Tinker, Evers and Chance had nothing on Pappageorgas, Chapman and Fisher.
You can read about them below.
There also are stories on the blog about a night at the ballpark in Marion, where the team gave away 500 bats to youngsters before a game that produced 36 runs and lasted until midnight.
Spoiler Alert: The Mets won!
I’ve also written on the blog about a voicemail I received a few weeks ago from a player who was part of Marion’s 1966 Appalachian League championship team. The message began with “Chad, it’s Carl Gentile of the old Marion Mets… where the stars of tomorrow shine tonight.” If you grew up attending Marion Mets games, you likely remember those words as part of PA announcer Bob Garnett’s warm welcome to the ballpark.
That’s all for now. You can find these stories and more on the blog, located on the header of the Marion Mets website.
Happy Opening Day, everyone!
Five happy words
Pappageorgas to Chapman to Fisher.
For the Elizabethton Twins on a mid-August night in 1976, those were the “saddest of possible words.”
OK, it doesn't exactly roll off the tongue like Tinker to Evers to Chance, but Marion’s infield trio – Bob Pappageorgas, Kelvin Chapman and Curtis Fisher – were just as dynamic of a double-play-turnin’ machine for one night as the “bear cubs” Franklin Pierce Adams wrote about more than a decade ago in his 1910 poem “Baseball’s Saddest Lexicon.”
Were Pappageorgas, Chapman and Fisher a trio of Mets fleeter than birds?

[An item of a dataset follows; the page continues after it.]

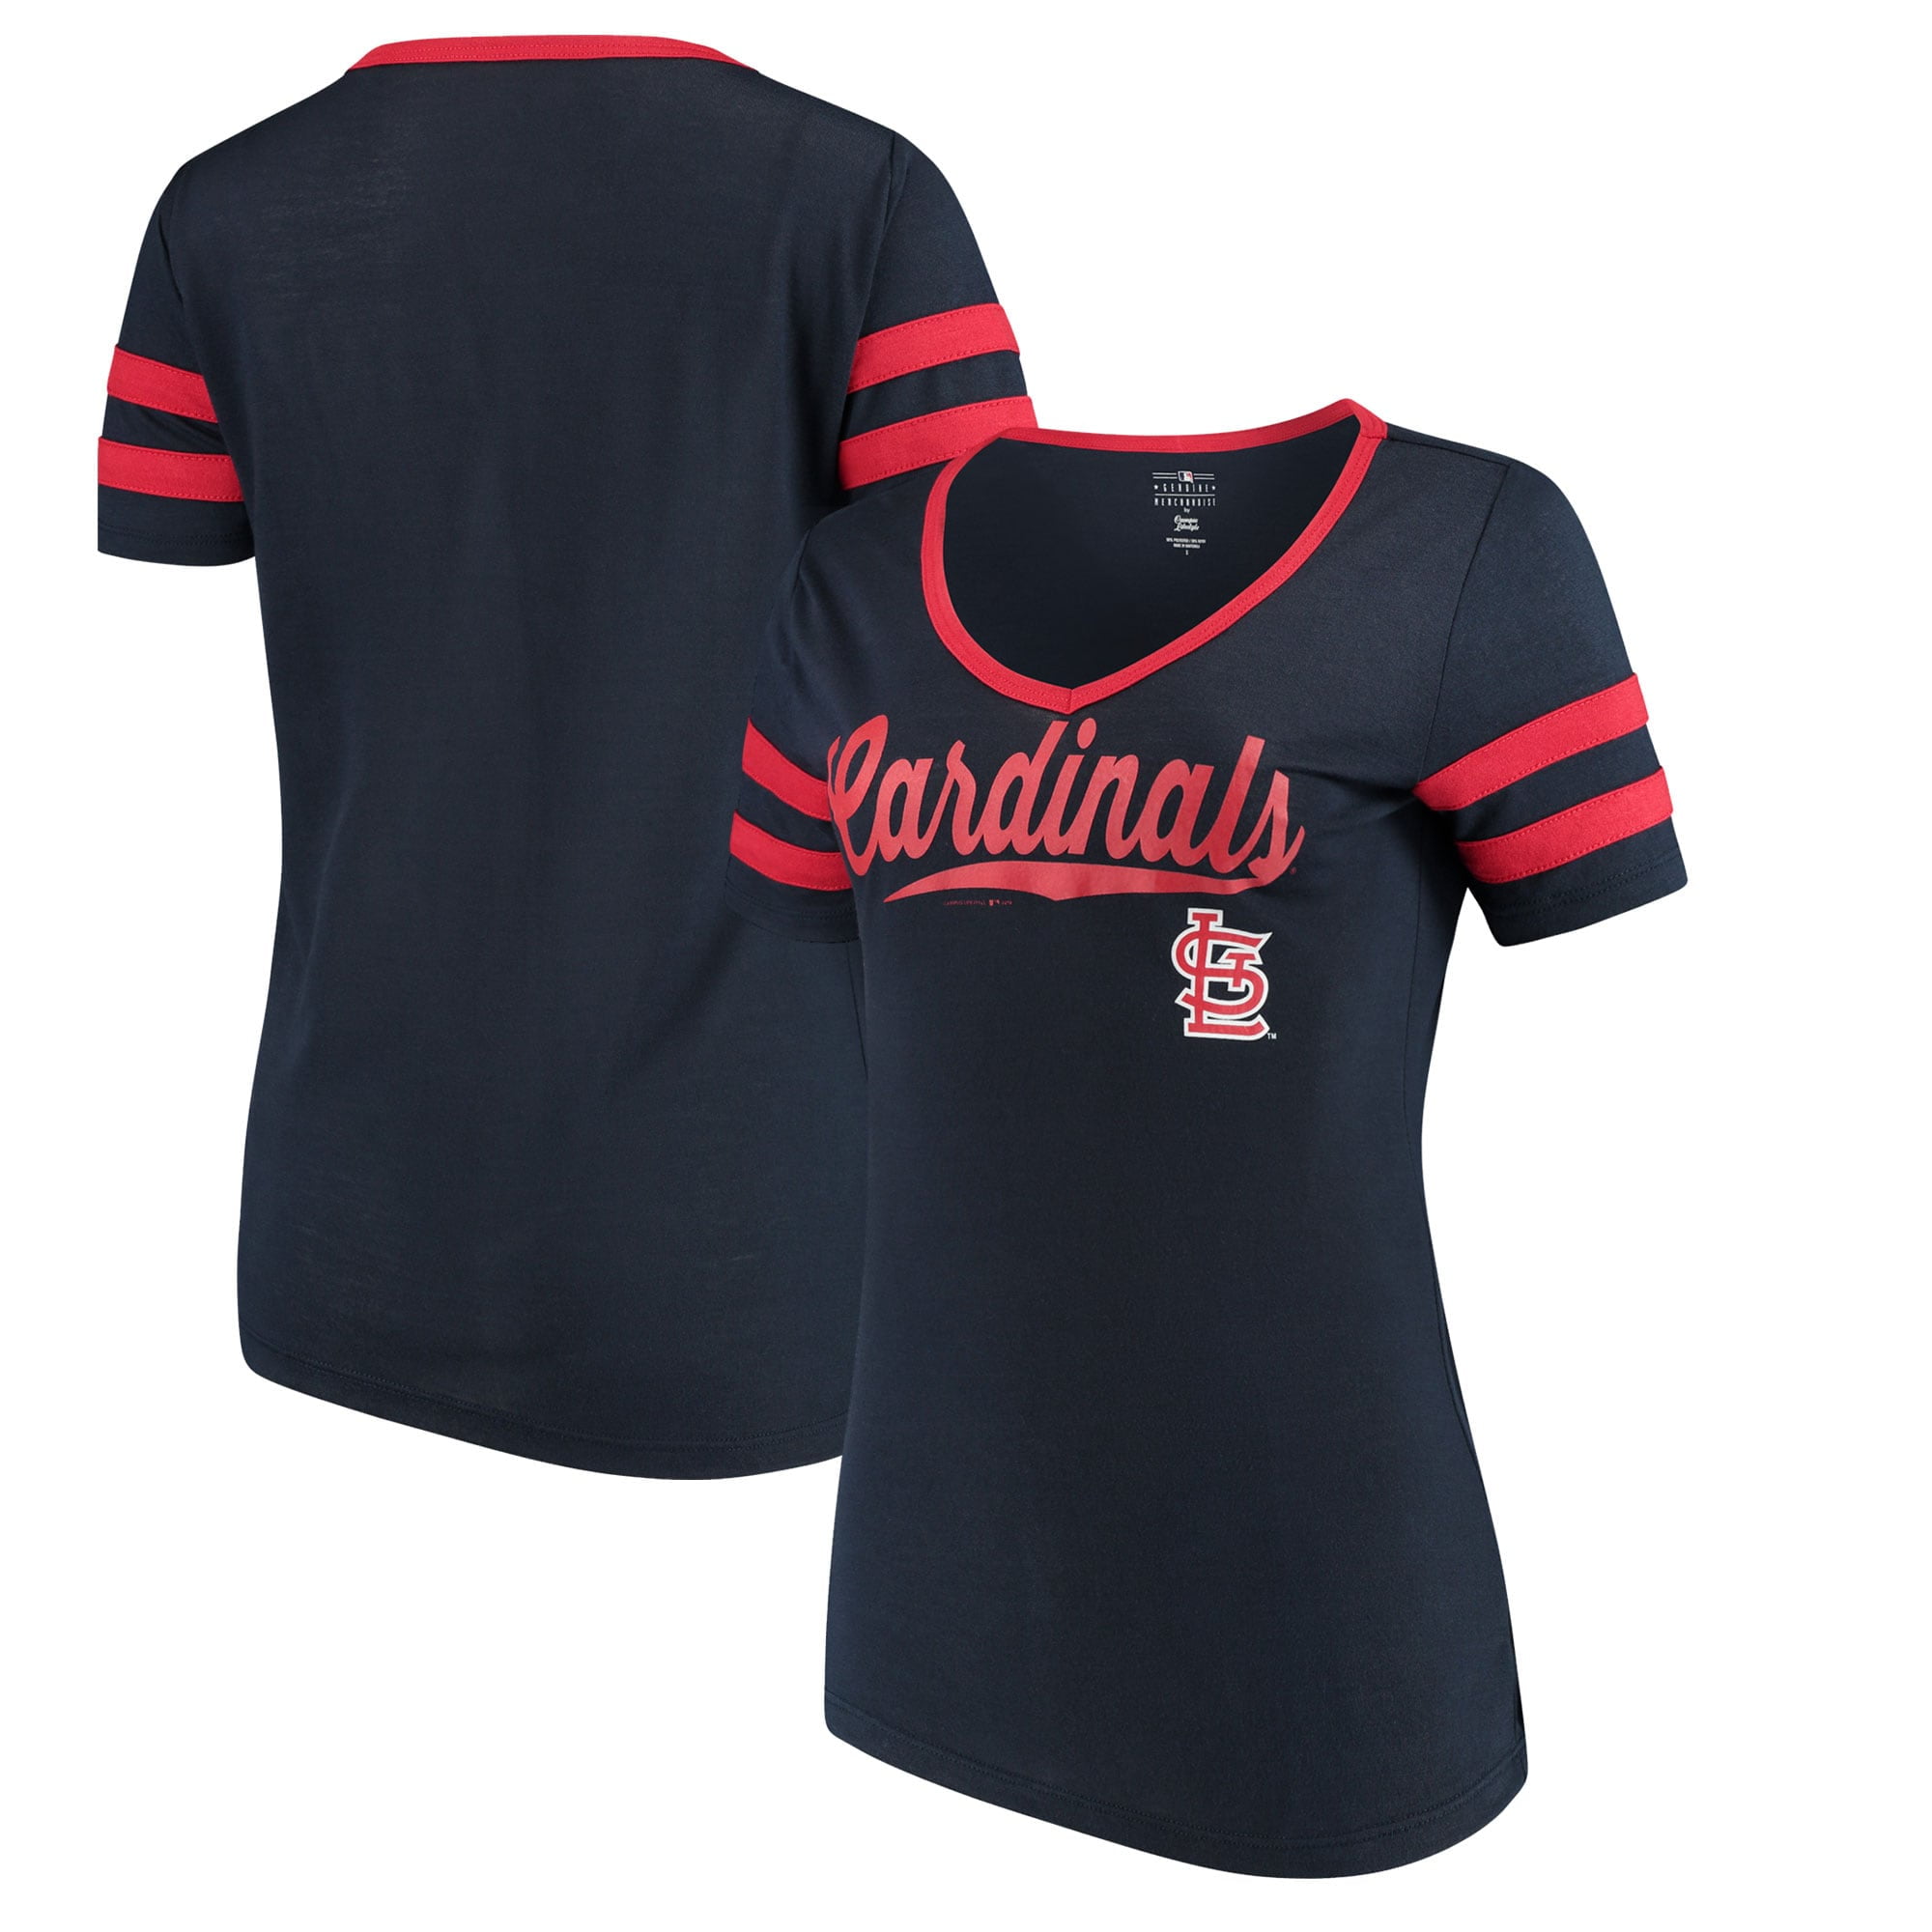 cardinals jersey shirt

Ummmm, maybe. We don’t know.
But, we do know the Marion’s Mets turned four double plays that Aug. 13 night in a tense contest at Elizabethton’s ballpark down by the river.
Ruthlessly pricking the Twins’ gonfalon bubble, I guess.*
Each double play began with Pappageorgas, the slick-fielding 18-year-old shortstop from Pebble Beach, California, gobbling groundballs, tossing them over to Chapman at second base, who zipped the ball to Fisher at first.
Making a Twin “hit into a double,” Adams might write.
Perhaps the most crucial Twin-killing happened in the bottom of the eighth inning when Elizabethton loaded the bases as the Mets clung to a slim advantage.
The Pappageorgas to Chapman to Fisher infield combination quickly silenced the threat – and the 500-plus fans there witnessing the action – and Marion went on to win 3-0.
In all, the fleet-footed Pappageorgas recorded 10 assists with no errors that night. The rare feat was reported in local media – but nowhere in a poem that I’m aware of – and it got the attention of The Sporting News, which was a big deal in 1976.
Pappageorgas to Chapman to Fisher.
“Words that are heavy with nothing but trouble.”
* To be accurate, there was no gonfalon bubble to be pricked between these two teams. Both were cellar-dwellers in their respective Appalachian League divisions, Marion in the North and Elizabethton in the South.